Jackson Lears on the Surveillance State
Categories: Anne, Nuclear Philosophy, Nuclear Security, Tracking, Targeting and Predicting
Over on his blog Corey Robin posted a link to an editor’s note by Jackson Lears in the journal Raritan. Robin takes issue with Lears political analysis, but is in agreement with Lears on the “fundamental question of the surveillance state,” as I am. In his note, Lears argues that the apathetic public response to Edward Snowden’s revelations is too often justified through a narrative of technological determinism. Basically, the public has already accepted that “freedom” (read: keeping services free) on the Internet comes at the expense of privacy, and anyone who takes extreme measures to insist it should be otherwise is mentally imbalanced.

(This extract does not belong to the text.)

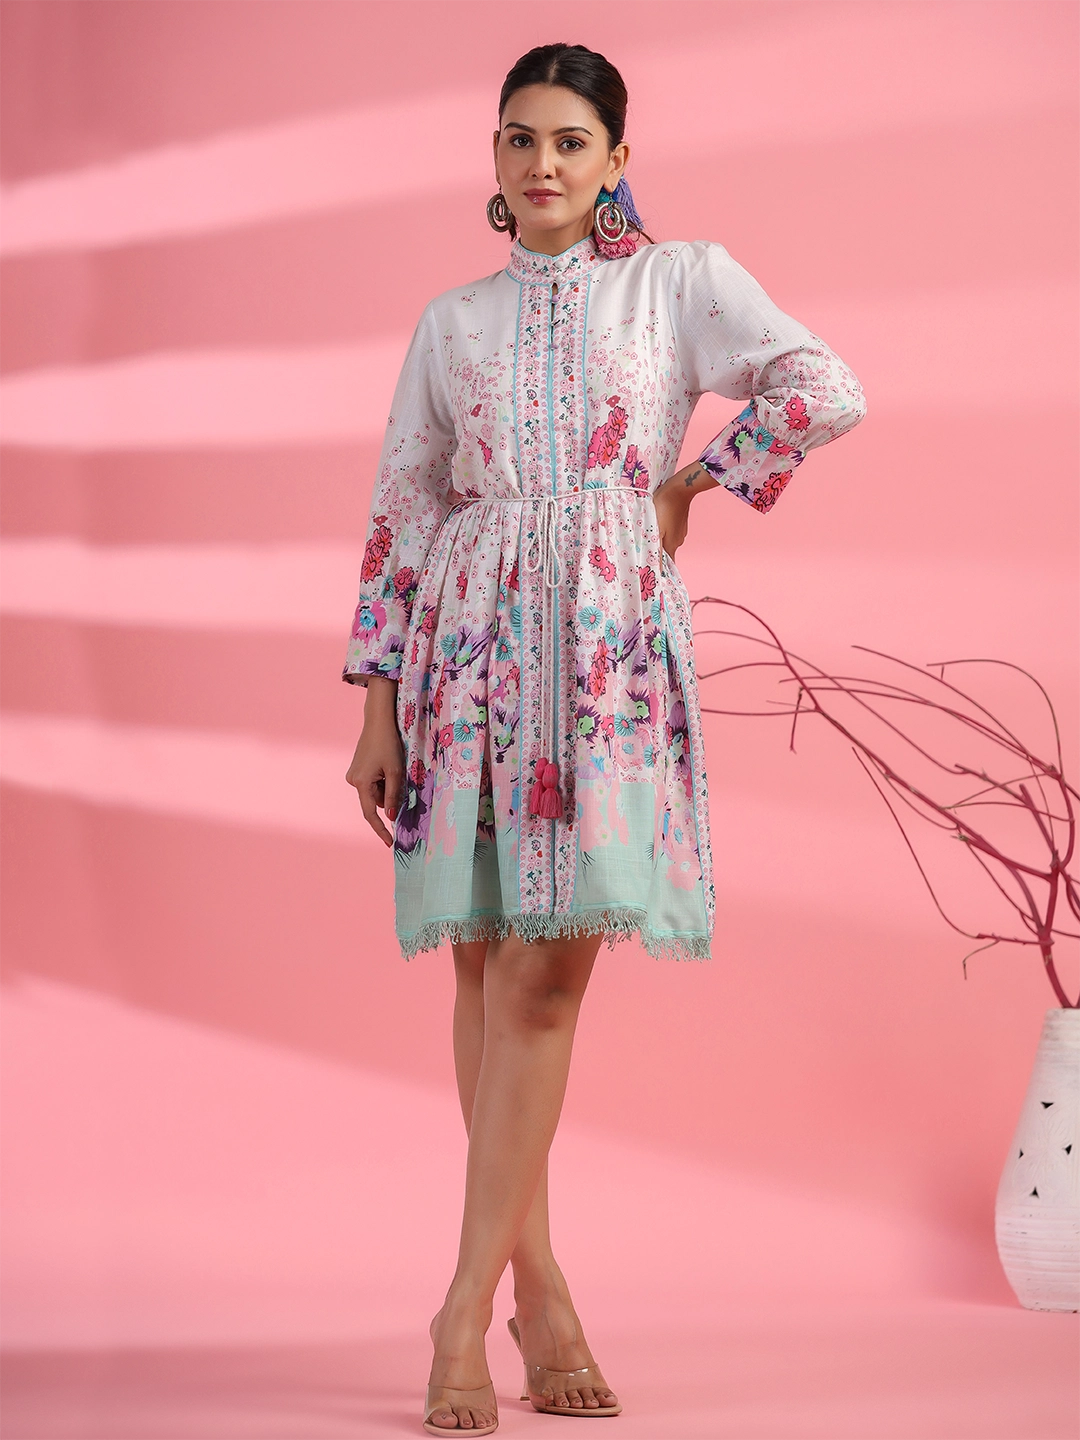 Blossom Blush: Pink Floral Short Dress

Lears pushes back on that explanation, arguing that authoritarian politics are not an outgrowth of technology. The problem is not the technology, it is whether or not the government uses the technology at its disposal to create a police state. Ok, fine up until now. However, in elaborating his argument he makes the following comparison to what he anachronistically refers to as “Atomic Energy”:
New technology does not negate the fundamental necessity of protecting the citizenry from an intrusive government. If the genie is out of the bottle, then there has to be away to regulate and oversee its power. Atomic energy, for example, has always posed enormous difficulties of regulation and oversight. However inadequately those problems have been addressed, at least they have periodically been the subject of public debate. There has been general agreement that the destructive power of atomic energy must be contained by vigorous oversight. The framers of the constitution could not anticipate the Internet or the myriad technologies of surveillance developed by the national security state, any more than they could anticipate nuclear weapons. But they did anticipate the abuse of government power, and they institutionalized restrictions on it in the founding document of our nation.

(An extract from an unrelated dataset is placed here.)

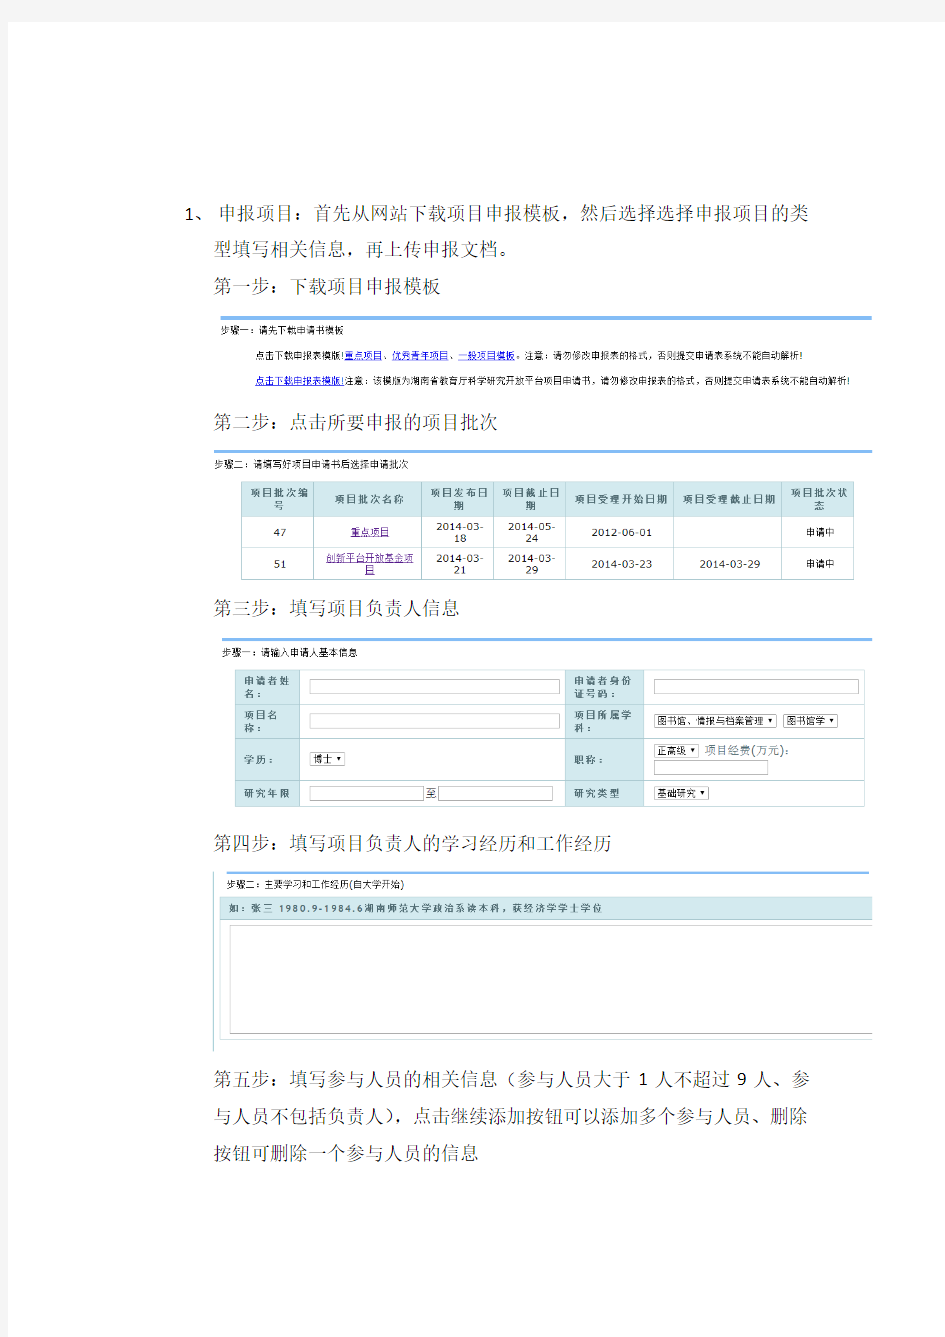 湖南省教育厅科研项目管理系统用户操作手册 -科研人员

This analogy is puzzling. While it is true that the mandate of the US Nuclear Regulatory Commission is to “ensure the safe use of nuclear energy while protecting people and the environment,” the better analogy is to the nuclear weapons complex. The need to protect information about the nuclear weapons technology was used to justify the secrecy of the Cold War security state. In fact, there was a complete lack of oversight of nuclear programs and how they were funded, and the techno-scientific discourse of nuclear deterrence theory replaced public debate about the size of the nuclear arsenal with expert judgements. In that sense, what is happening today with the creation of the surveillance state is an extension and deepening of the secrecy and security culture that was already built on a technologically deterministic narrative about nuclear technology during the Cold War.
The problem with flipping Lears’ example is that it places me uncomfortably on the side of the technological determinists against whom he is arguing, where I most decidedly do not want to be.
No comments yet.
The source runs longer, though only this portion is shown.